Hazret-i Hamza, müşriklerin yanına vararak, müslüman olduğunu ve Allahın Habibi Muhammed ı canı pahasına da olsa koruyacağını bildirip, bir kaside okudu. Okuduğu kasidede; “Kalbimi, İslamiyete ve hakka meylettirmiş olduğu için, Allaha hamdolsun. Bu din, kullarının her yaptığını bilen, herkese lütfu ile muamele eden, kudreti her şeye galip gelen, alemlerin Rabbi olan Allah tarafından gönderilmistir. Kuran-ı kerim okunduğu zaman, kalb ve akıl sahiblerinin gözlerinden yaşlar akar. Kuran-ı kerim, fasih bir lisan ile açıklanmış ayetler halinde Muhammed a nazil olmuştur. O, Muhammed Mustafa, içimizde, sözü dinlenir, kendisine boyun eğilir, mübarek bir kimsedir. Ey müşrikler! Aklınız başınızdan gidip, gözünüz kararıp da Onun hakkında sert, ağır ve kaba sözler söylemeyin. Eğer böyle bir düşünceye kapılırsanız, biz müslümanların cesedine basıp geçmeden, hiç kimse Ona dokunamaz” demişti.
Hazret-i Hamzanın müslüman olması ile, sevgili Peygamberimiz çok sevindi. Müslümanlar, onun da aralarına katılmasıyla çok kuvvetlendiler.

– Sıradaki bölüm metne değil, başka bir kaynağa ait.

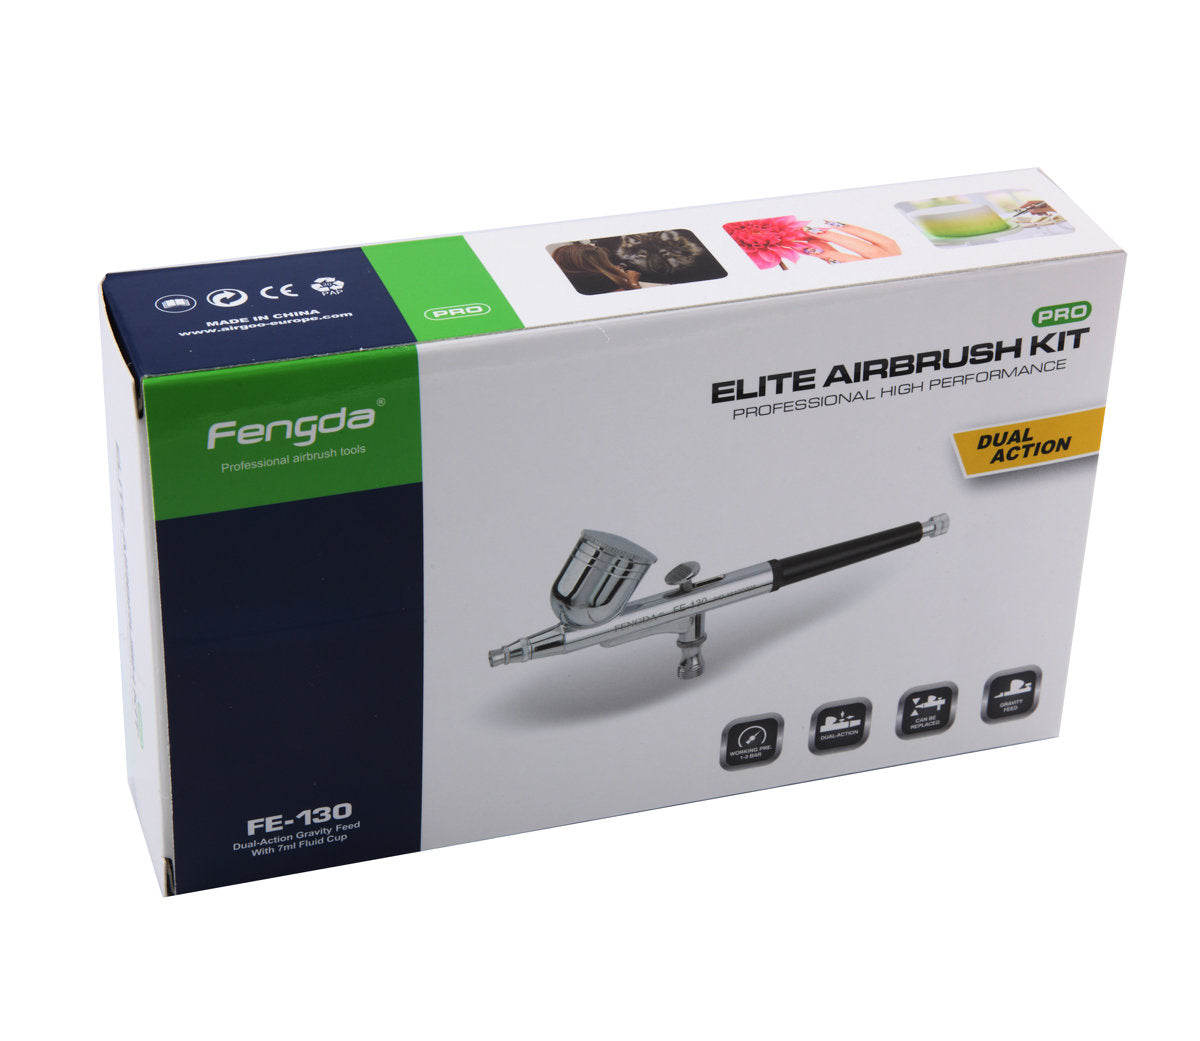 Fengda - BD-130 : Dual Action Gravity Feed Airbrush 0,3 mm Nozzle

Hamzanın müslüman olmasıyla, vaziyet değişti. Çünkü, Mekkeliler Hamzanın; cengaver, cesur, merd, pehlivan ve büyük bir kahraman olduğunu biliyorlardı. Bunun için, Kureyş müşrikleri artık müslümanlara, hiç bir sebep yokken, fena muamele yapamadılar, bilhassa Hamzanın kılıcının şiddetinden çekindiler.